Single by Hank Williams
- B-side: "A House of Gold"
- Released: 1954
- Recorded: 1950 (Unconfirmed)
- Genre: Country
- Length: 2:37
- Label: MGM Records
- Songwriter: Hank Williams

= How Can You Refuse Him Now =

"How Can You Refuse Him Now" is a hymn written by Hank Williams and issued by MGM Records in 1954. The original recording is a demo that was likely recorded in 1950. The song describes Christ's suffering on the cross ("As they nailed his hands, he cried, 'They don't understand'...") and admonishes the listener for turning away from the Lord. Williams' first musical experiences came in the church, with the singer revealing in a 1952 interview with Ralph Gleason that was reprinted in Rolling Stone in 1969, "My mother was an organist at Mt.
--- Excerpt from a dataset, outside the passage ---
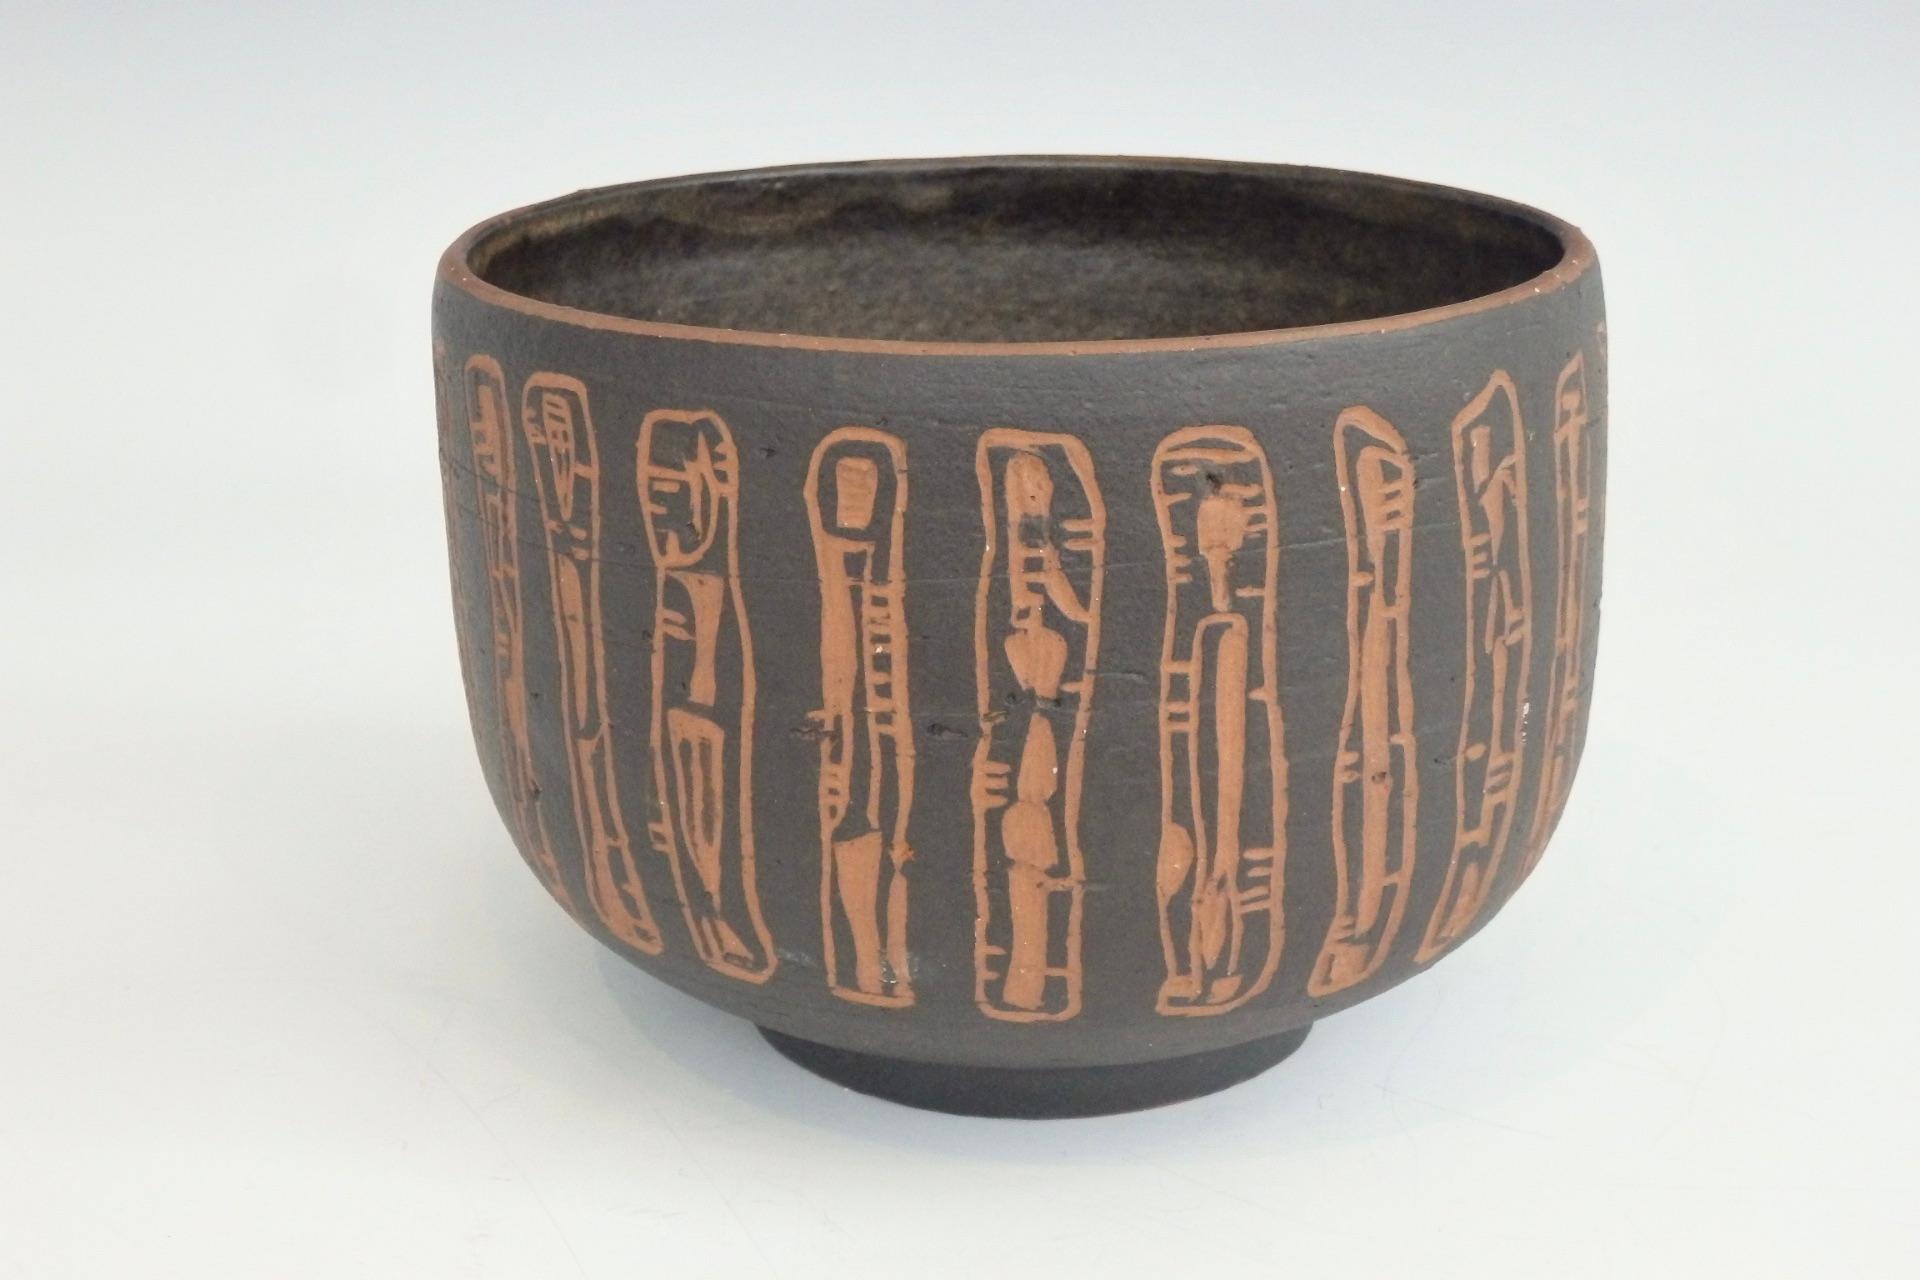 Rozsika Blackstone New York und Arizona, ca. 1920-62 Keramikgefäß.
Tiefe Schale mit dunkelbrauner Glasur, Sgraffito-Dekor mit abstraktem, vertikalem Muster, das den roten Scherben durchscheinen lässt, erhöht auf rundem Fuß, eingeritzte Signatur

Olive, Alabama and my earliest memory is sittin' on that organ stool by her and hollerin'. I must have been five or six years old and louder than anybody else." The B-side to "How Can You Refuse Him Now" was "A House of Gold," another hymn that would prove to be far more popular in the long run, being recorded by many artists.

==Cover versions==
- Hank's wife Audrey Williams cut the song for Decca in 1950.
- Porter Wagoner recorded the song for RCA in 1956.
- George Hamilton IV recorded the song for ABC Records in 1958.
- Hank Williams, Jr. cut the song in 1969.
- Holly Williams released a version of the song in 2004.